JFK Johnson Rehabilitation Institute, Edison, NJ, USA.
N Engl J Med. 2012 Mar 1;366(9):819-26. doi: 10.1056/NEJMoa1102609.
Amantadine hydrochloride is one of the most commonly prescribed medications for patients with prolonged disorders of consciousness after traumatic brain injury. Preliminary studies have suggested that amantadine may promote functional recovery.
We enrolled 184 patients who were in a vegetative or minimally conscious state 4 to 16 weeks after traumatic brain injury and who were receiving inpatient rehabilitation. Patients were randomly assigned to receive amantadine or placebo for 4 weeks and were followed for 2 weeks after the treatment was discontinued. The rate of functional recovery on the Disability Rating Scale (DRS; range, 0 to 29, with higher scores indicating greater disability) was compared over the 4 weeks of treatment (primary outcome) and during the 2-week washout period with the use of mixed-effects regression models.
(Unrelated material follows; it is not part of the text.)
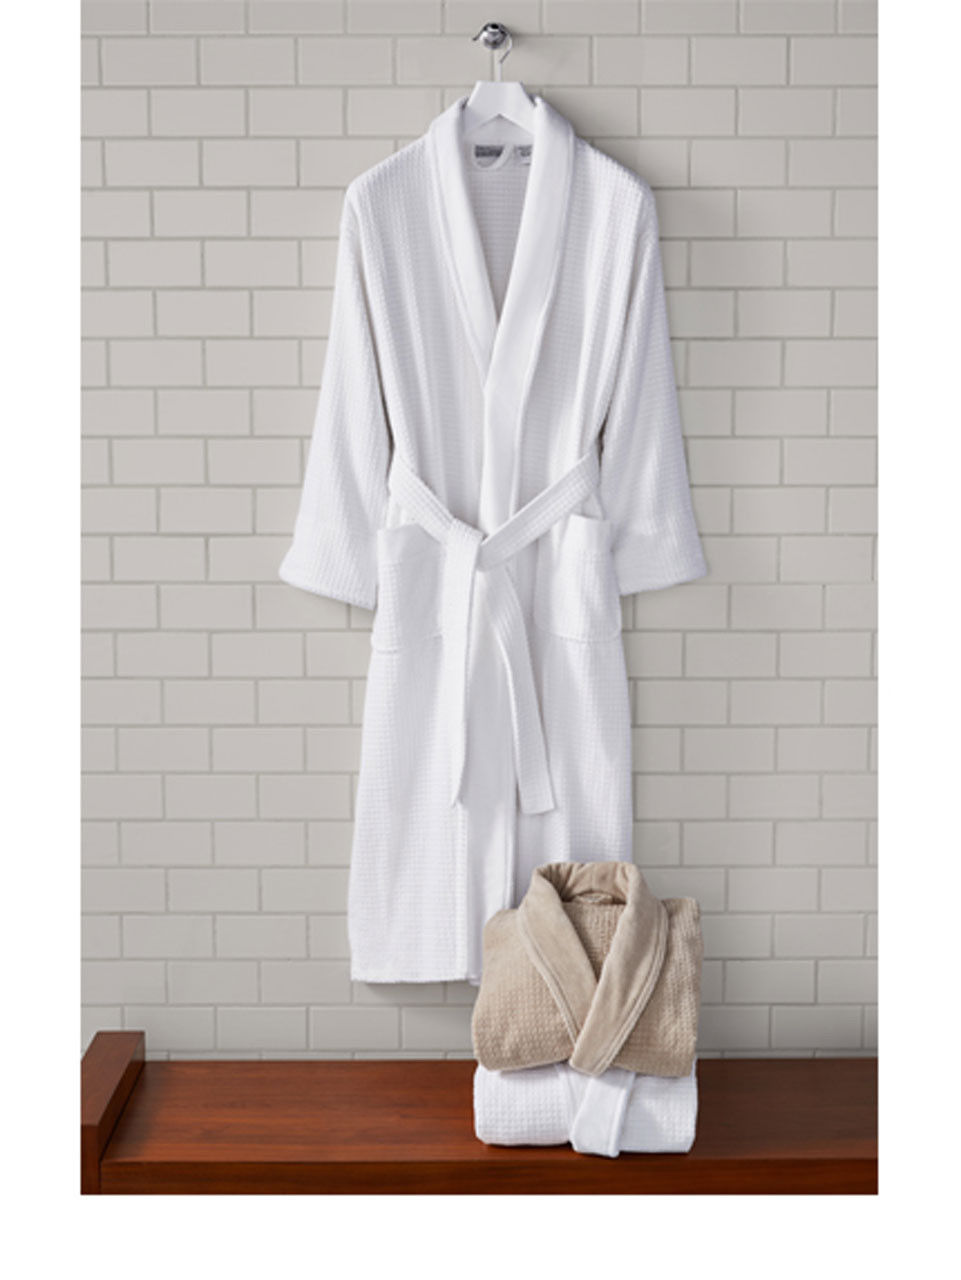 Is the 1concier robe styled like the Platinum Shawl Collar Robe?

During the 4-week treatment period, recovery was significantly faster in the amantadine group than in the placebo group, as measured by the DRS score (difference in slope, 0.24 points per week; P=0.007), indicating a benefit with respect to the primary outcome measure. In a prespecified subgroup analysis, the treatment effect was similar for patients in a vegetative state and those in a minimally conscious state. The rate of improvement in the amantadine group slowed during the 2 weeks after treatment (weeks 5 and 6) and was significantly slower than the rate in the placebo group (difference in slope, 0.30 points per week; P=0.02). The overall improvement in DRS scores between baseline and week 6 (2 weeks after treatment was discontinued) was similar in the two groups. There were no significant differences in the incidence of serious adverse events.
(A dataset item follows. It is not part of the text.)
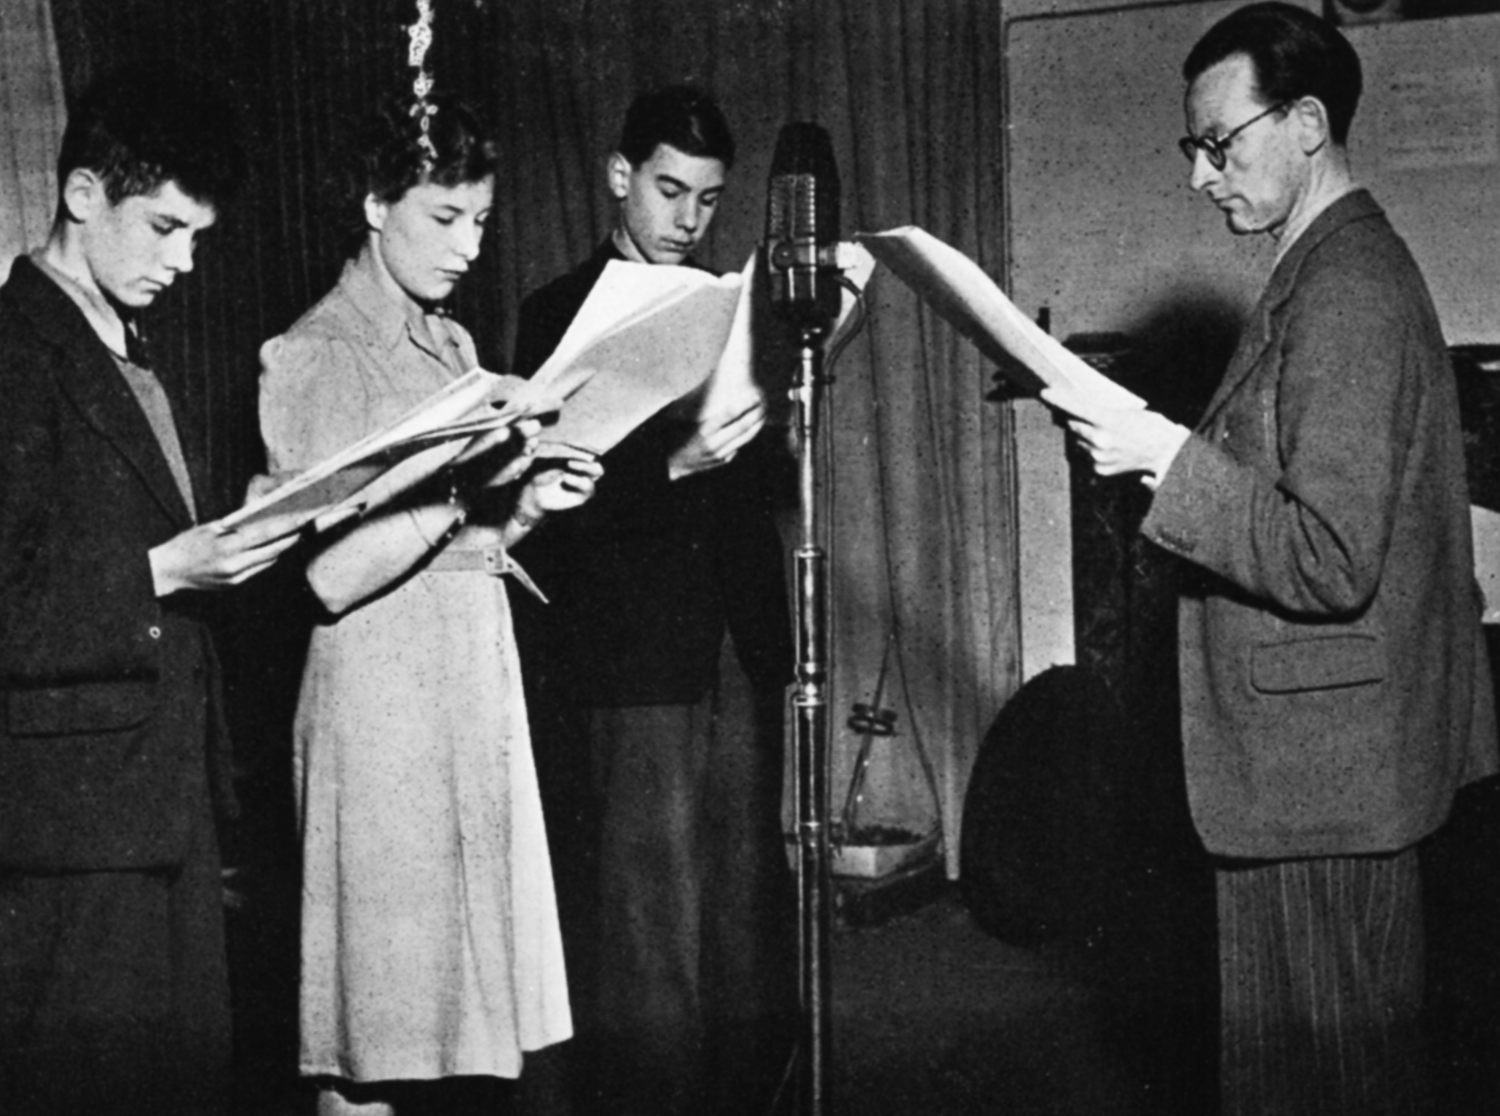 Four people hold scripts around a microphone

Amantadine accelerated the pace of functional recovery during active treatment in patients with post-traumatic disorders of consciousness. (Funded by the National Institute on Disability and Rehabilitation Research; ClinicalTrials.gov number, NCT00970944.).
盐酸金刚烷胺是颅脑损伤后长时间意识障碍患者最常开的处方之一。初步研究表明,金刚烷胺可能促进功能恢复。
我们纳入了 184 名颅脑损伤后 4 至 16 周处于植物状态或最小意识状态的患者,并对其进行住院康复治疗。患者被随机分配接受金刚烷胺或安慰剂治疗 4 周,并在停药后 2 周进行随访。使用混合效应回归模型比较治疗 4 周(主要结局)和停药 2 周期间残疾评定量表(DRS;范围 0 至 29,分数越高表示残疾越严重)的功能恢复率。
在治疗 4 周期间,与安慰剂组相比,金刚烷胺组的 DRS 评分恢复更快(斜率差异,每周 0.24 分;P=0.007),这表明在主要结局测量上有获益。在预先指定的亚组分析中,金刚烷胺对植物状态和最小意识状态患者的治疗效果相似。治疗组在治疗结束后 2 周(第 5 和第 6 周)的改善速度减慢,且明显慢于安慰剂组(斜率差异,每周 0.30 分;P=0.02)。两组患者从基线到第 6 周(治疗结束后 2 周)的 DRS 评分总体改善相似。严重不良事件的发生率无显著差异。
金刚烷胺在创伤后意识障碍患者的积极治疗中加速了功能恢复的速度。(由国立残疾和康复研究所资助;临床试验.gov 编号:NCT00970944。)